[RECORDED DATA Boundary: Start]

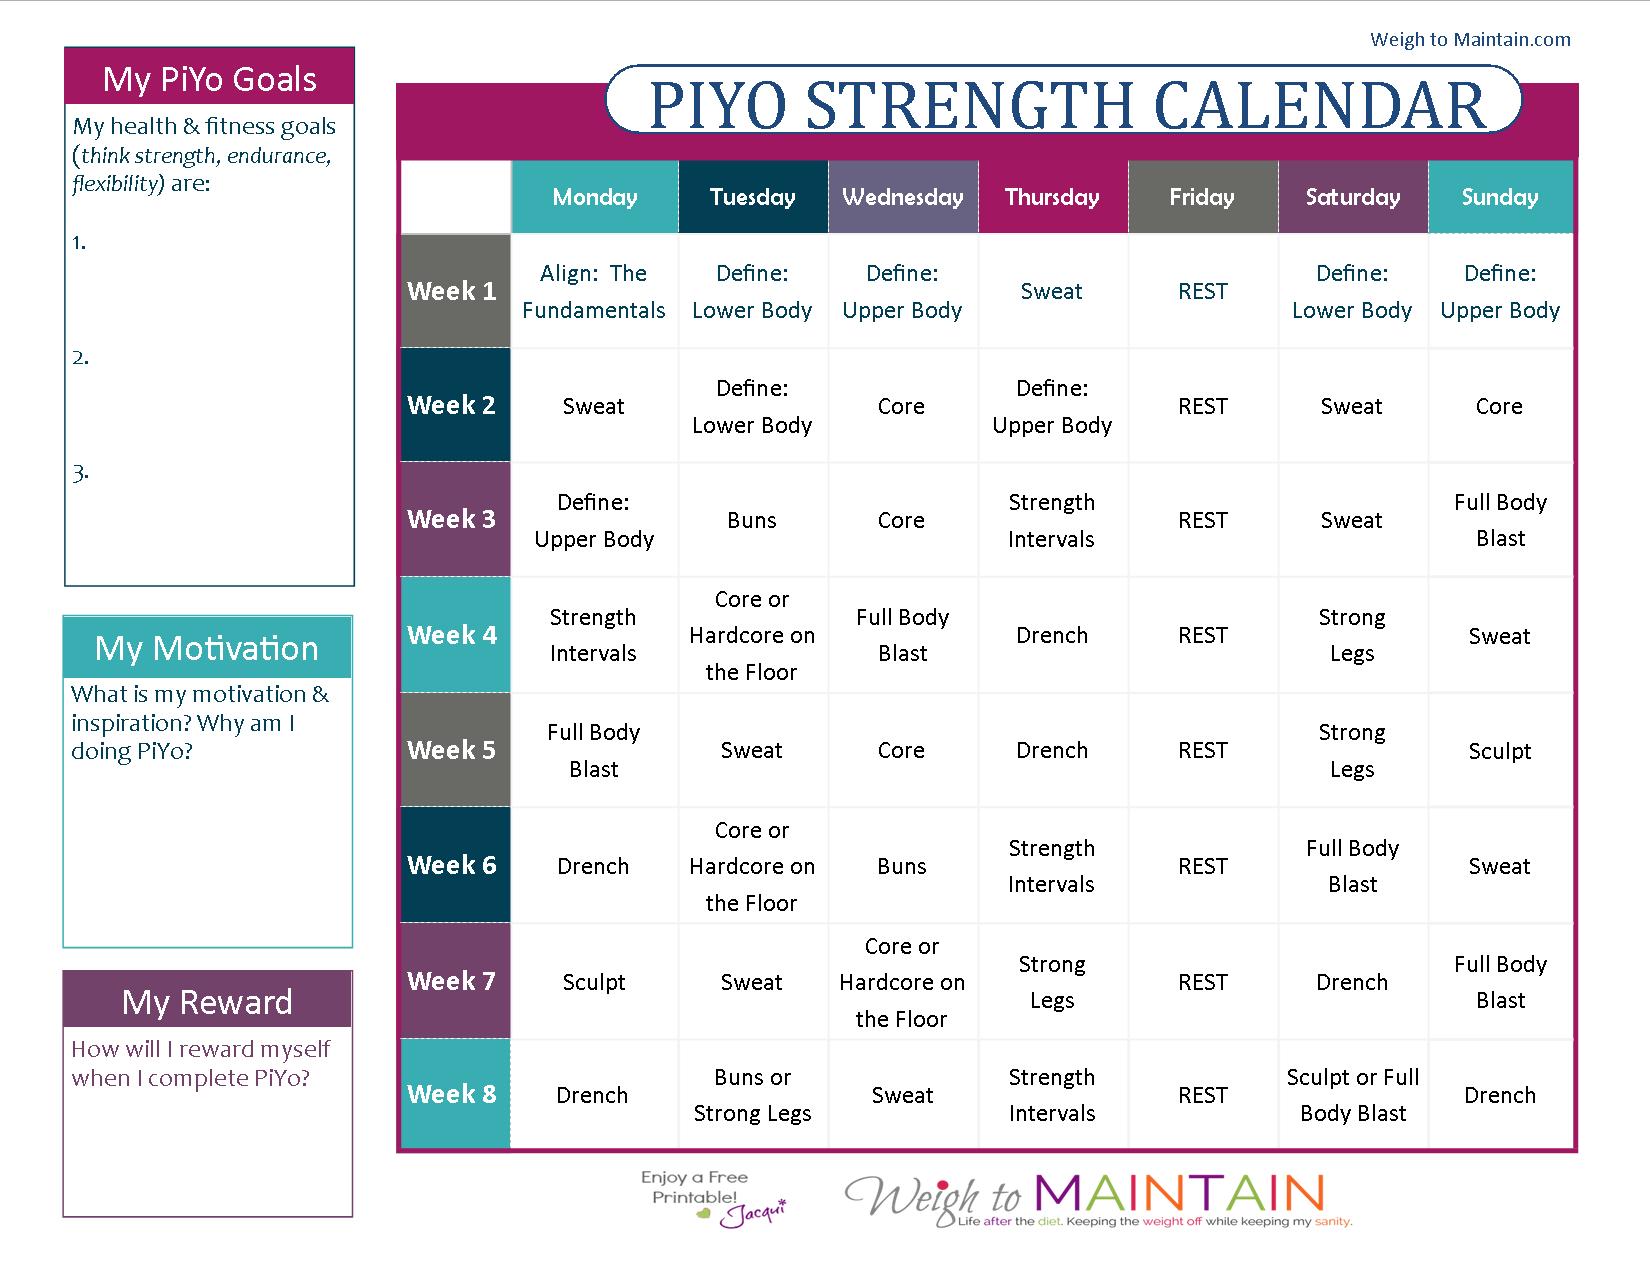 PiYo Calendar Strength
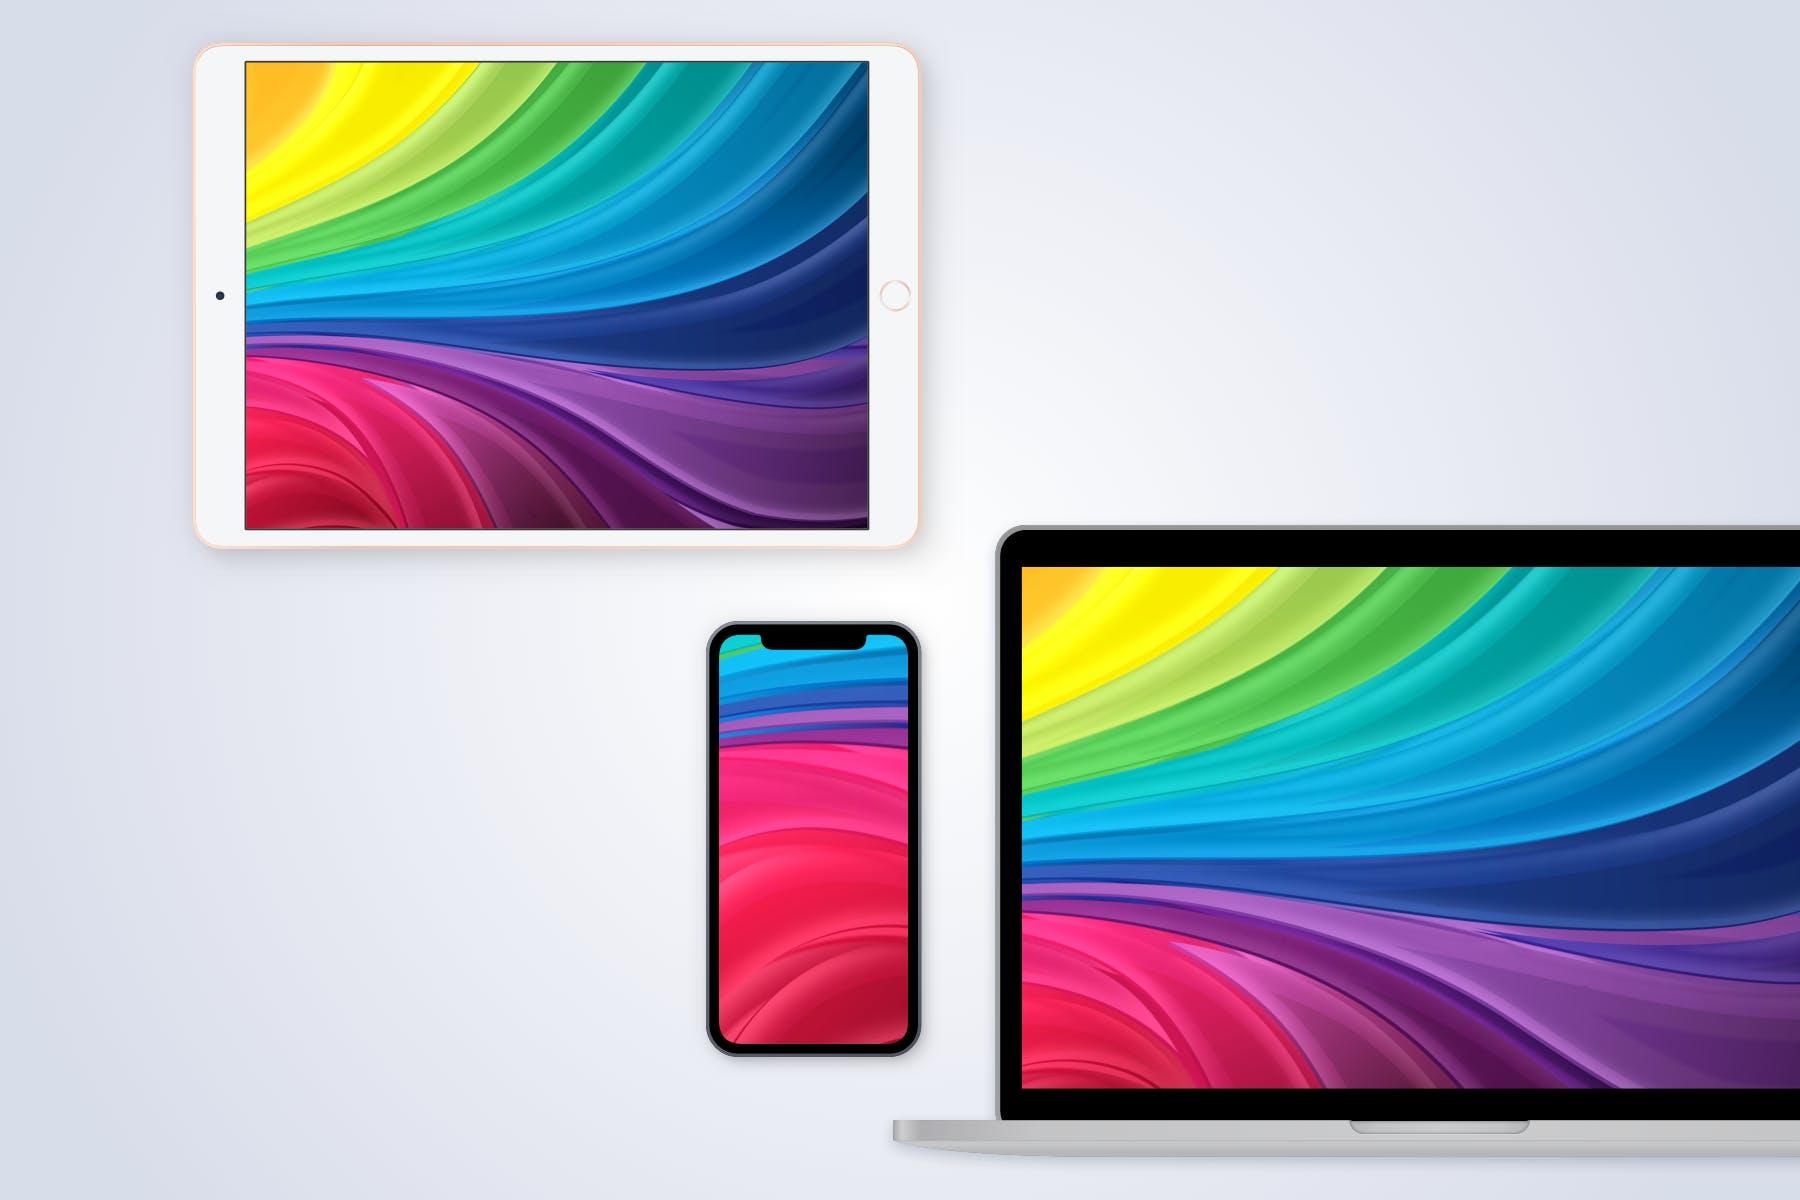 高端智能苹果设备网站手机样机designshidai_yj781
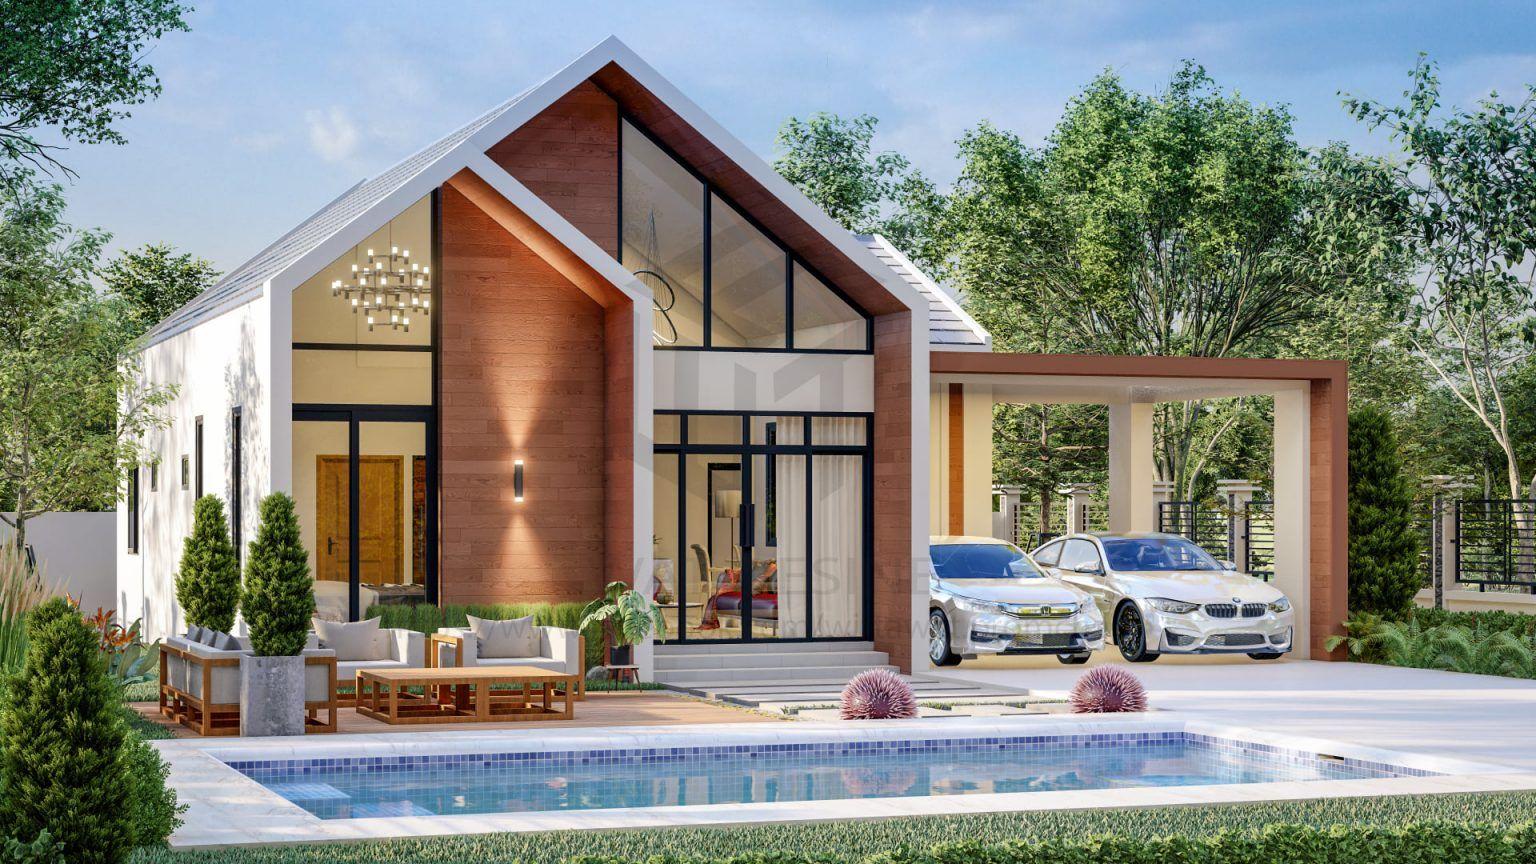 บ านทรงนอร ด กสไตล ย โรป 3 ห องนอน 2 ห องน ำ ฟ งก ช นใช งานครบคร น Thai Let S Go ในป 2021 แบบบ านภายนอก ร ปแบบบ าน สถาป ตยกรรมบ าน

[RECORDED DATA Boundary: End]

* _TASK DESCRIPTION_:
Copy out the listing word for word and skip its pictures.

* _FINAL ANSWER_:
 PiYo Calendar Strength
 高端智能苹果设备网站手机样机designshidai_yj781
 บ านทรงนอร ด กสไตล ย โรป 3 ห องนอน 2 ห องน ำ ฟ งก ช นใช งานครบคร น Thai Let S Go ในป 2021 แบบบ านภายนอก ร ปแบบบ าน สถาป ตยกรรมบ าน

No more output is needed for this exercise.